New charity to put ‘100 restaurant chefs in 100 schools’ by 2023
Hoping to “put 100 restaurant chefs in 100 schools by 2023,” ‘Chefs in Schools’ was founded by Henry Dimbleby, co-founder of healthy food chain Leon; Nicole Pisani, former head chef at Yotam Ottolenghi’s Nopi; and Gayhurst Community School (London Fields) head teacher, Louise Nichols.
The trio first came together in 2004 when Dimbleby’s son’s school - Gayhurst - was looking for a new head chef and Pisani took up the role.
Drawing on her success producing “healthy, balanced and exciting” school lunches on a budget of 75p per child per day - lower than the £1.20 budget when Pisani took on the role – they are now on a mission to launch the scheme in schools across the country.
Pisani said: “Why do people turn a blind eye to schools, hospitals and prisons? Powdered egg and powdered mash contain no sustenance. Some kids have never even cracked an egg open before.”
Instead, along with the help of Gayhurst’s kitchen staff (who she trained up having become accustomed to pre-sliced, packaged food), Pisani tries to make food “as fun as possible.”
Serving dishes such as chicken jolloff, vegetable ‘troughs’ with edible soil and crudités, fresh spelt soda bread and ‘healthy’ cakes, she also implemented two vegetarian days a week to help manage the budget.
Not only this, but ‘Chefs in Schools’ – backed by industry figures including chefs Ottolenghi and Prue Leith, and Wahaca co-founder, Thomasina Miers, who has invested £10,000 in the charity - wants to tackle childhood obesity through food education.
Dimbleby explained: “You’ve got a massive problem with food-related illness in this country (the UK). Part of the solution for that is improving the culture and cooking, which is not [just] a middle class concern.
"I think we’re at the pit of a really problematic societal problem. But we can, by re-skilling people by getting back in touch with food, school by school, turn this around.”
As such, Gayhurst now has a school vegetable garden, teaches children to butcher chickens from scratch and has a fire-pit from which they cook food.
The charity is also opening its Hackney Cookery School at Mandeville (London) this year to “train chefs looking to escape the hard-core, 80-hour treadmill.”
Dimbleby also wants to “raise the status of the ‘school cook’ on a national level,” explaining that “the status of the ‘school cook’ is often very low and they’re often the only members of staff who come in by the back door.”
Pisani agrees. At Gayhurst, she implemented restaurant-style sections and uses the titles ‘head chef’ and ‘sous chef’- warning that the term ‘dinner lady is “actually quite offensive.”
Since founded, three other London-based schools have recruited restaurant chefs, including Oliver Pagani (former junior sous chef of London-based restaurant Poco); Cheryl-Lynn Booth (formerly of the Riding House Café) and Masterchef: The Professionals contestant, Angela Church.
Calling on others to get involved, Pagani listed some of the benefits of his new title to the Evening Standard: “Professional kitchens get bogged down with hierarchy and the pursuit to the top.

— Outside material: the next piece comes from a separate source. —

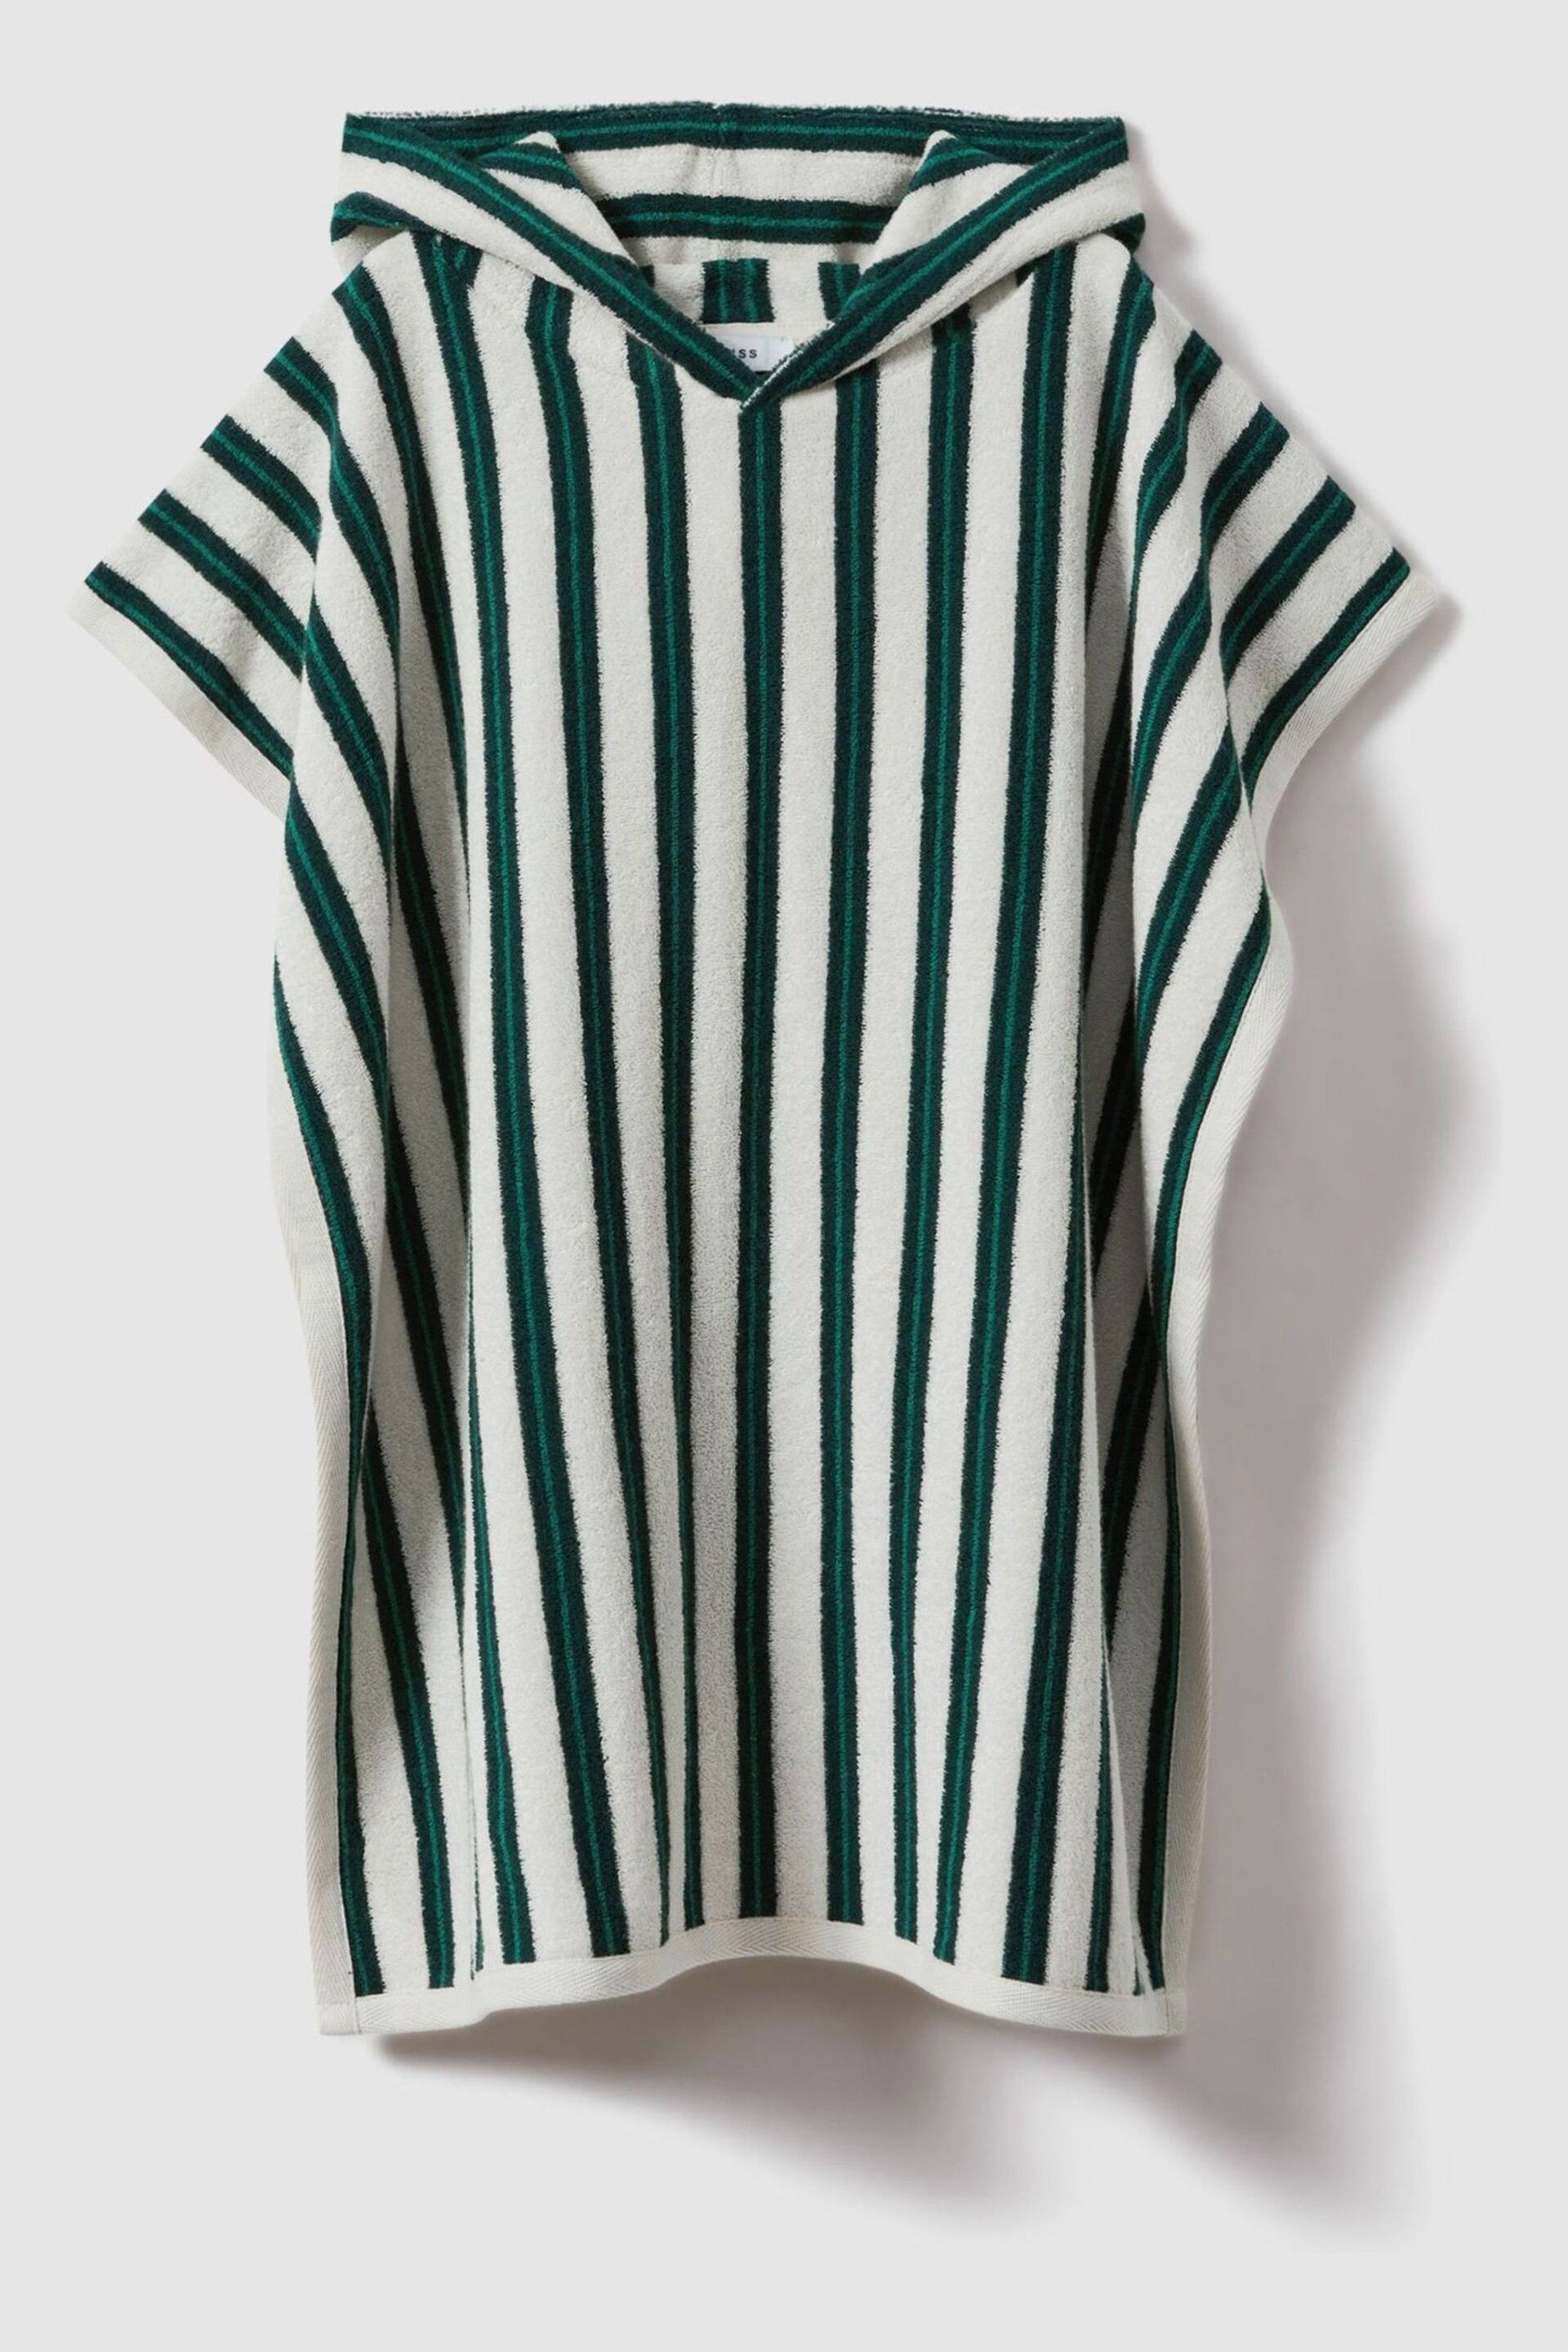 Reiss Green/White Ray Hooded Striped Poncho - Image 2 of 4

“Ambition is the only thing. But I think there are a lot of chefs who are in the job because they love food. They’re not necessarily in it for the glory of owning a restaurant.
“At the worst time (of his career as a restaurant chef) I was working at a Michelin-starred place doing an 80-hour week for (£24,000). Now it’s about half that time for the same money. So I have hobbies! I have a life! I get to see my girlfriend! It’s wonderful.’
Church added: “I work less than 100 days a year. I get more per hour from this job, and significantly more per hour emotionally.”